Hello, hope you can help. I have been growing a San Marzano tomato plant from seed under light since February. I started putting in the unseated greenhouse last month and then bringing it inside the house during the night.

it has developed yellow leaves with dark patches as per the pictures. The op leaves remain healthy. Wondering if I should cut off the yellow leaves/stems or take a cutting from the healthy section to propagate a new plant.

If I take a cutting, does it have to be from a side branch or can I just cut off the bottom half of the plant and put the top half in water until roots develop?

The yellowing started with the bottom leaves and is working its way up the plant. 

Thanks in advance.

Posts

  • GemmaJFGemmaJF Posts: 2,286
    First thought would be it has exhausted the compost. If the pot is full of roots, pot it on into a larger pot with fresh compost.
  • The roots aren’t poking out of the bottom but I could try repotting and if the problem persists then consider taking a cutting from a healthy side shoot or top half of the stem. Thanks.
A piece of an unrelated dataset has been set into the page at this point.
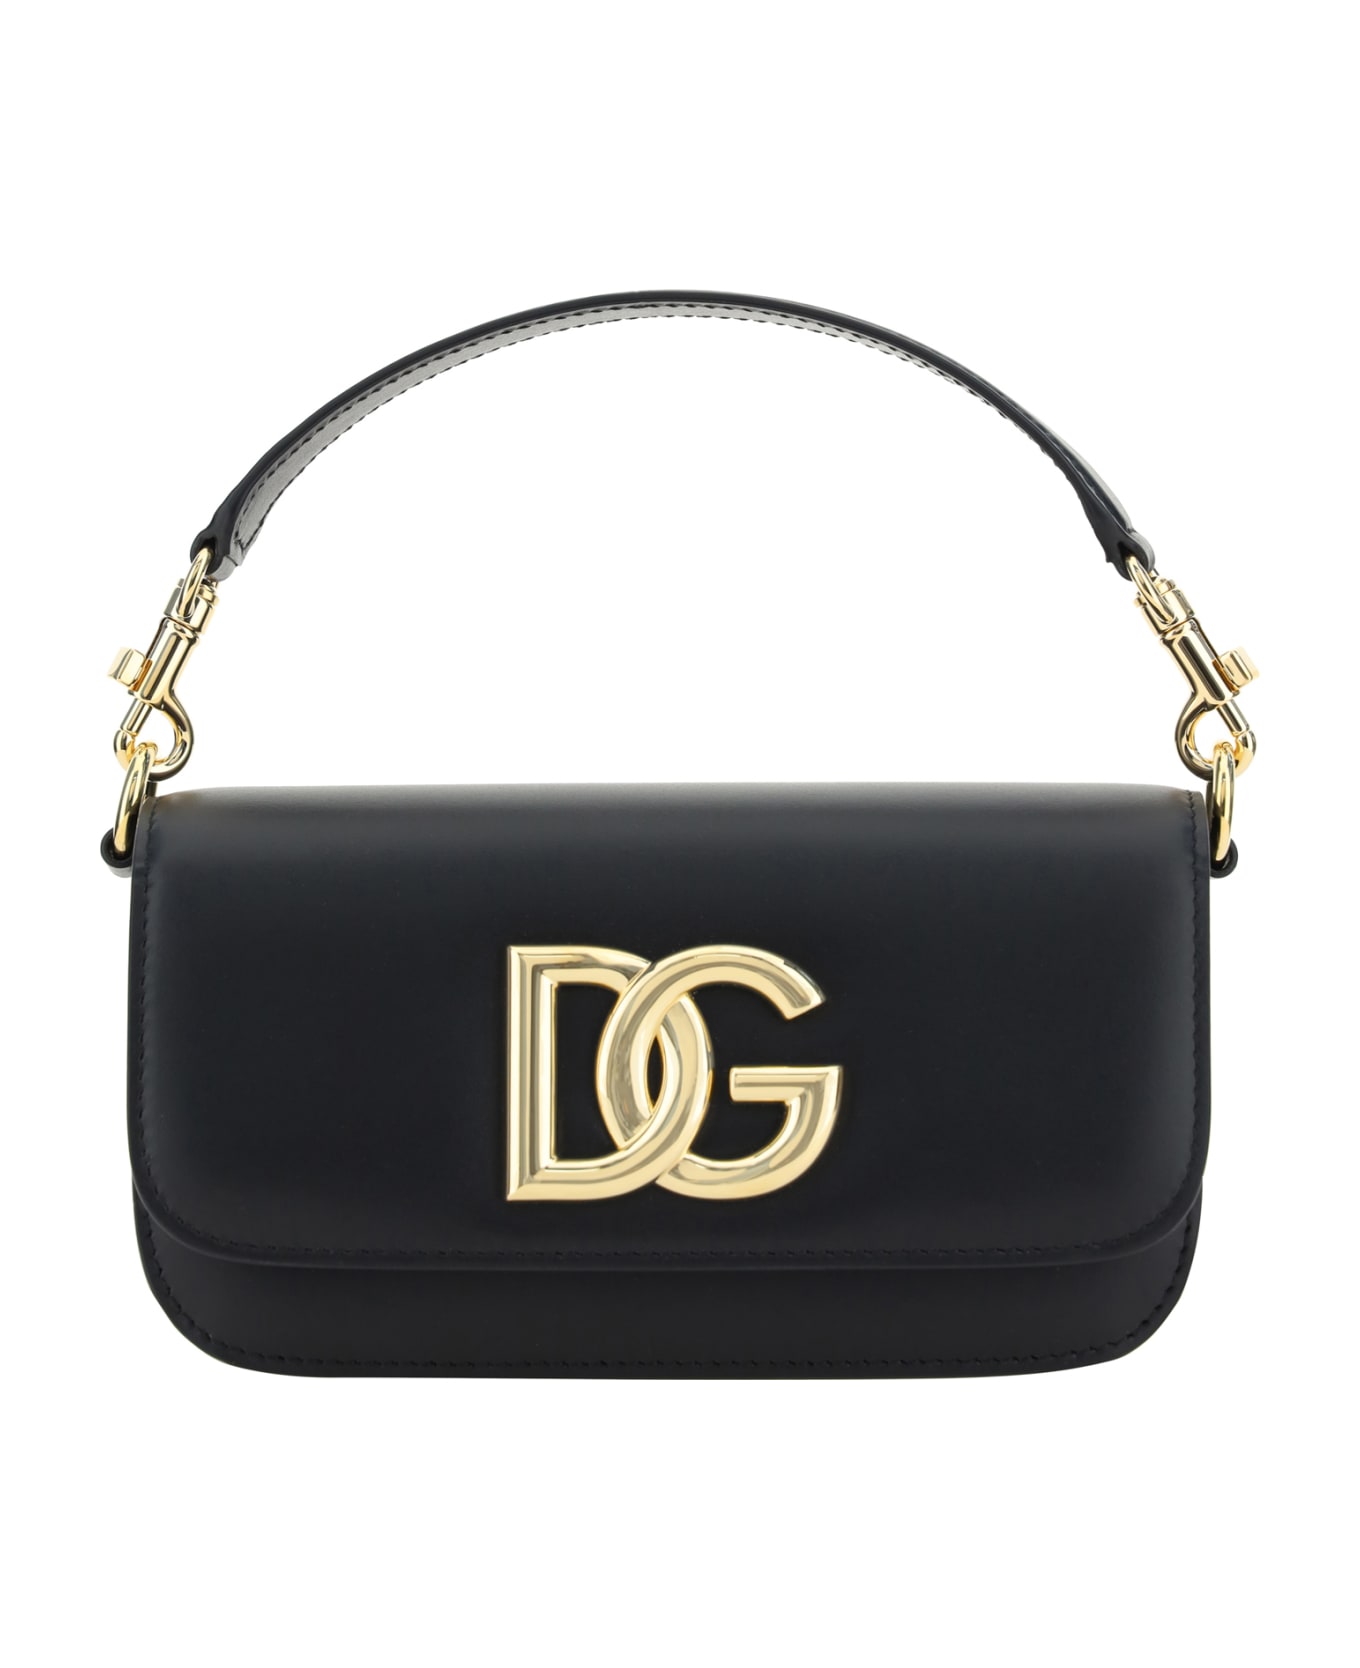 Dolce & Gabbana 3.5 Crossbody Bag - Nero トートバッグ

  • Pete.8Pete.8 Posts: 11,340
    Looks like sun scorch from what I can see but a close up of the leaves would help.
    If you've had them under a grow light then they've had the full sun on them the leaves just can't cope with such a high wattage and they've burned.
    If you can acclimatize them to the sun over a week or so they'll soon recover

    Billericay - Essex

    Knowledge is knowing that a tomato is a fruit.
    Wisdom is not putting it in a fruit salad.
  • Hi Pete. Grow lights were pretty tame. Plants grew nice and healthy under them. Since about 4 weeks ago when we had the hot spell in the uk they were in the greenhouse during the day. Close up picture attached.
  • SkandiSkandi Posts: 1,723
    That's what pete meant, plants under lights get sunburnt when exposed to real light as it's much brighter, However that doesn't really look like sun-scorch on the close up it looks to me like it's run out of nutrients. it is quite a large plant in a very small pot.
  • Pete.8Pete.8 Posts: 11,340
    edited May 2020
    I agree - mostly deficiency, but nothing to worry about as @GemmaJF suggested.
    Just put them in bigger pots with fresh compost and they'll be fine again. There will be enough fertilizer in the new compost for them to recover.
    The darker colouration on the leaves maybe due to a chilly draught at some point.

    Sun scorch leaves patches of dead leaf that look lioke thin brown paper.

    Billericay - Essex

    Knowledge is knowing that a tomato is a fruit.
    Wisdom is not putting it in a fruit salad.
  • DovefromaboveDovefromabove Posts: 88,147
    That plant needs more nutrition together with better light in order to photosynthesise ... it has a nutritional imbalance. 
    I would pot on into a larger pot with good compost and move into good natural light. 
    There’s no point in propagating from an unhealthy plant. 

    Gardening in Central Norfolk on improved gritty moraine over chalk ... free-draining.